Y chromosome loss in cancer drives growth by evasion of adaptive immunity.

Loss of the Y chromosome (LOY) is observed in multiple cancer types, including 10-40% of bladder cancers 1-6 , but its clinical and biological significance is unknown. Here, using genomic and transcriptomic studies, we report that LOY correlates with poor prognoses in patients with bladder cancer. We performed in-depth studies of naturally occurring LOY mutant bladder cancer cells as well as those with targeted deletion of Y chromosome by CRISPR-Cas9. Y-positive (Y + ) and Y-negative (Y - ) tumours grew similarly in vitro, whereas Y - tumours were more aggressive than Y + tumours in immune-competent hosts in a T cell-dependent manner. High-dimensional flow cytometric analyses demonstrated that Y - tumours promote striking dysfunction or exhaustion of CD8 + T cells in the tumour microenvironment.
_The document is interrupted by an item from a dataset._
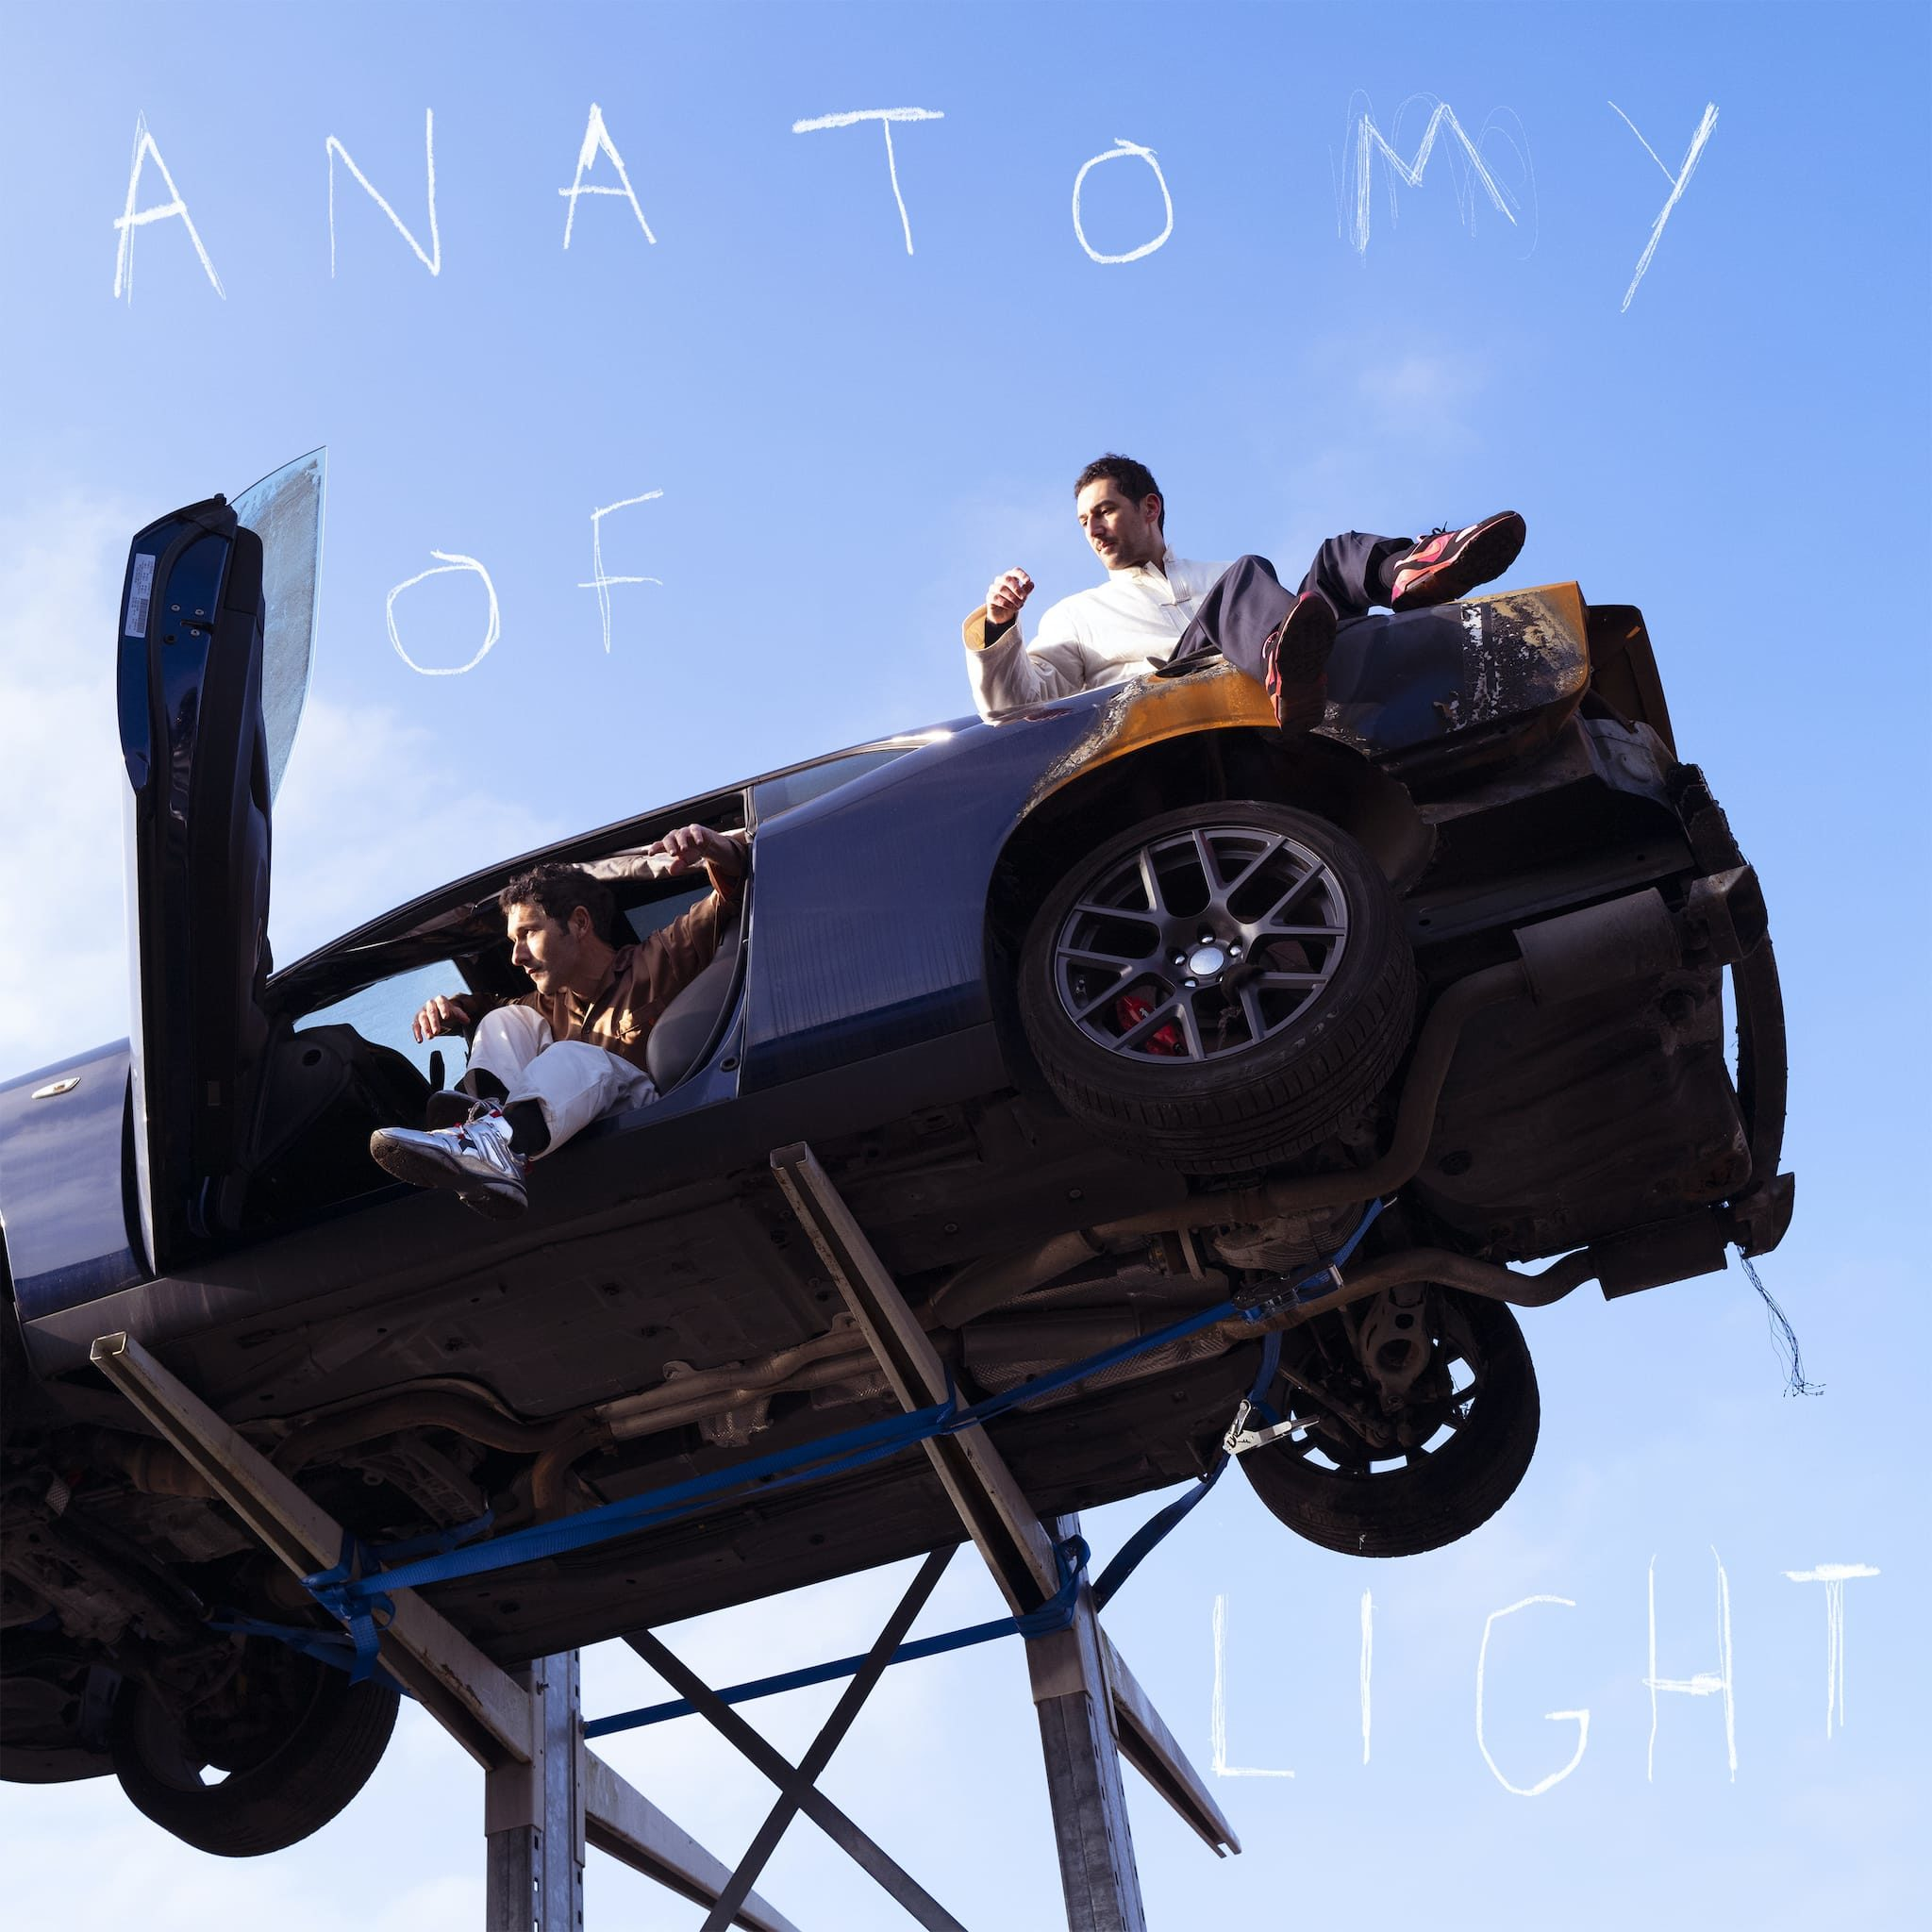 AaRON cover album anatomy of light music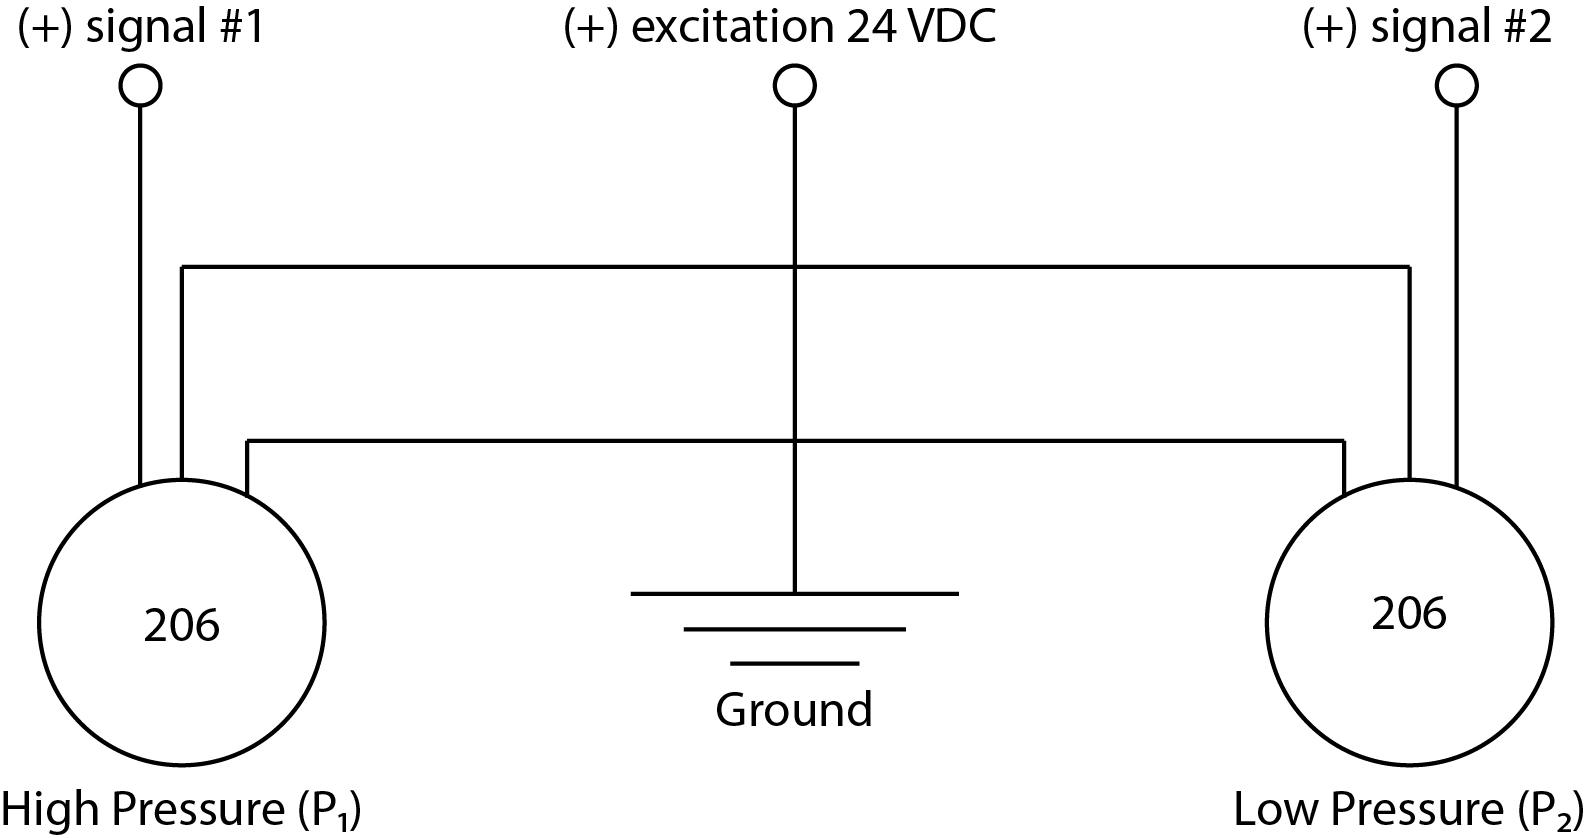 Option A signal image Model 206

These findings were validated using single-nuclei RNA sequencing and spatial proteomic evaluation of human bladder cancers. Of note, compared with Y + tumours, Y - tumours exhibited an increased response to anti-PD-1 immune checkpoint blockade therapy in both mice and patients with cancer. Together, these results demonstrate that cancer cells with LOY mutations alter T cell function, promoting T cell exhaustion and sensitizing them to PD-1-targeted immunotherapy. This work provides insights into the basic biology of LOY mutation and potential biomarkers for improving cancer immunotherapy.